Their impact in South-East Asia has been been profound. Even today, Hadramis occupy important posts. Suharto’s former foreign minister Ali Alatas has an Hadrami background, as does Malaysia’s current foreign minister Syed Hamid Albar. Though eclipsed in wealth in recent decades by the overseas Chinese, Hadrami families were among some of the richest in Indonesia, owning large tracts of Jakarta’s upmarket Menteng enclave and, for a time, Singapore’s storied Raffles Hotel.

But its the Yemeni links that interest investigators. Militant Hadramis are believed to have been instrumental for radicalising and financing otherwise moderate Indonesian Muslims struggling through the country’s economic collapse, particularly in Aceh. The Yemeni connections to militant Islam across the archipalego are striking. Jaffar Umar Talib, the commander of the Laskar Jihad waging religious war on Christians in Maluku, has an Hadrami background. Though born in East Java, the cleric Abu Bakr Bashir is of Hadrami descent as, detectives believe, are many adherents of Jemaah Islamiah and the mirror Indonesian Mujahadeen Council.

And so too is Osama bin Laden, whose father emigrated to Saudi Arabia in the 1920’s from the Hadramout’s religious centre, Tarim. Last week, after a CIA drone killed six Al-Qaeda members, Yemen’s President Ali Abdullah Saleh offered a Ramadan amnesty for Yemenis “entangled” in al-Qaeda. Little wonder then that Bali’s investigators want to know more about the Hadrami clans.

THERE’S an old operating adage about Indonesia, and South-East Asia generally. Its expressed in various ways - crude to academic - but it boils down to this; don’t assume a conspiracy when ineptitude is most likely the reason.

It sounds cynical, patronising even to the politically correct, but experience navigating this unpredictable country bears out a truth that might assuage angry Australians during these difficult times of laughing bombers, ambiguous leadership, cautious diplomacy and mixed messages.

It helps explain why people like Amrozi are interrogated before the world’s press by the country’s police chief, Pastika’s lesser-known boss Da’i Bachtiar.

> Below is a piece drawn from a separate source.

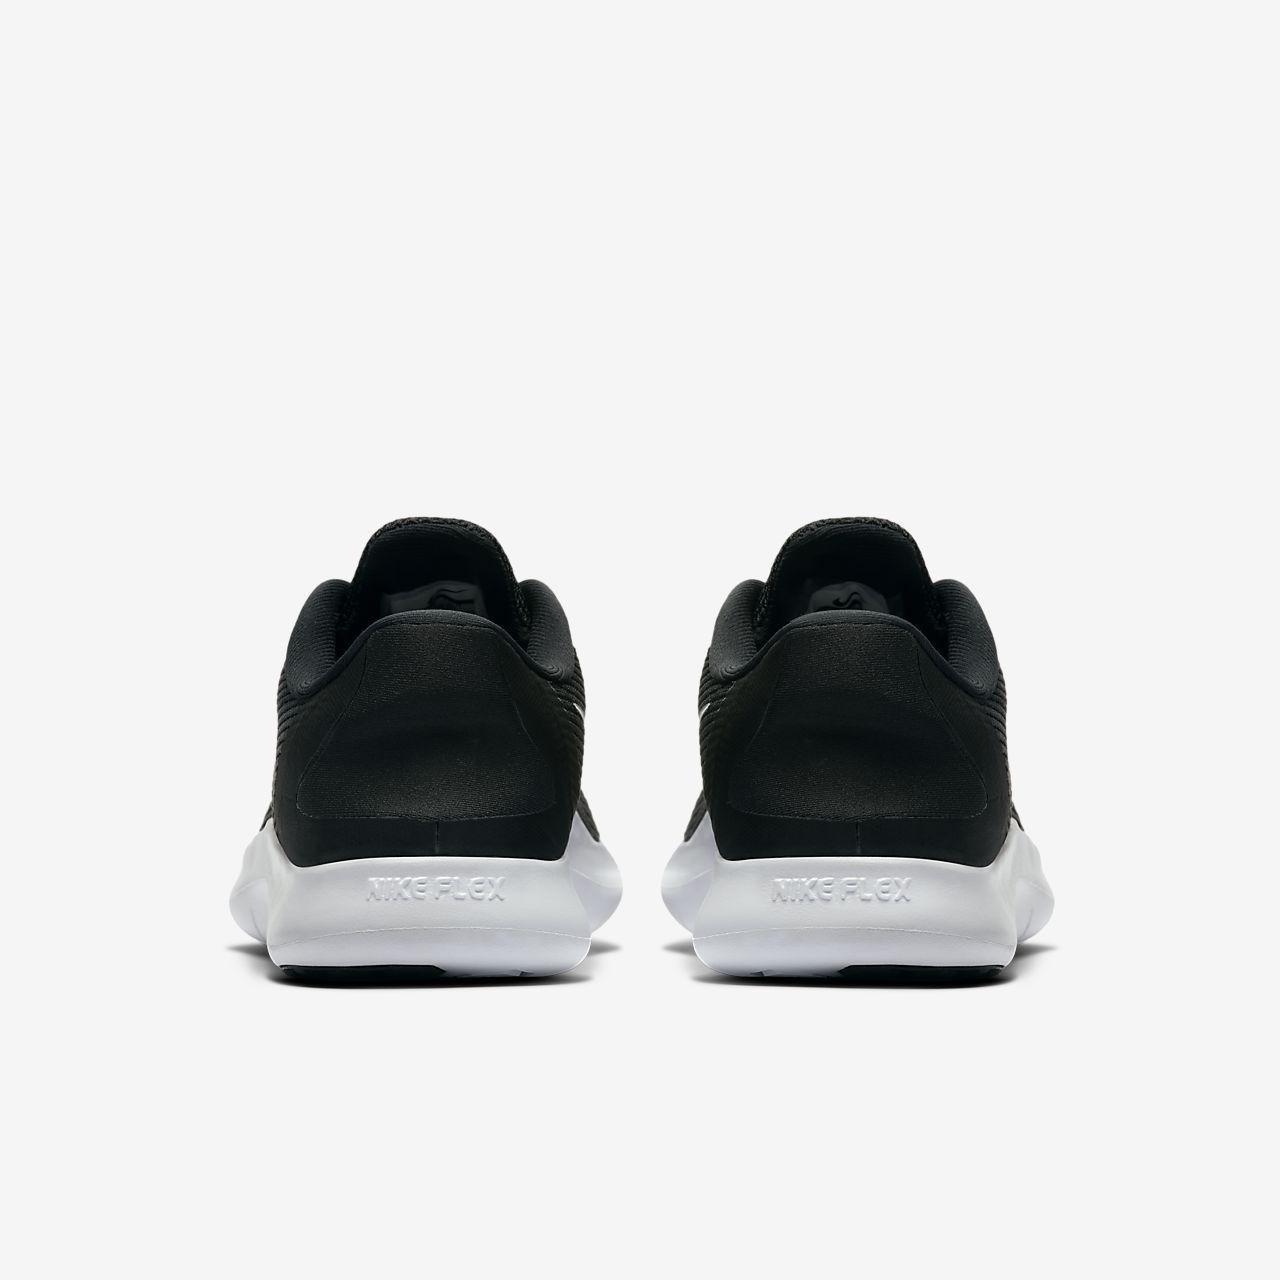 Trend Nike Flex Experience Run 5 Laufschuhe Anthracite

And possibly why Megawati didn’t make Bali last Friday, and why this odd woman is even president of one of the world’s most important countries, Islam's biggest. And why Indonesia consistently confounds those who try to understand her.

And right now, as Indonesia lurches from crisis to crisis and terrorists run free to kill again, its probably about the best explanation we can hope for.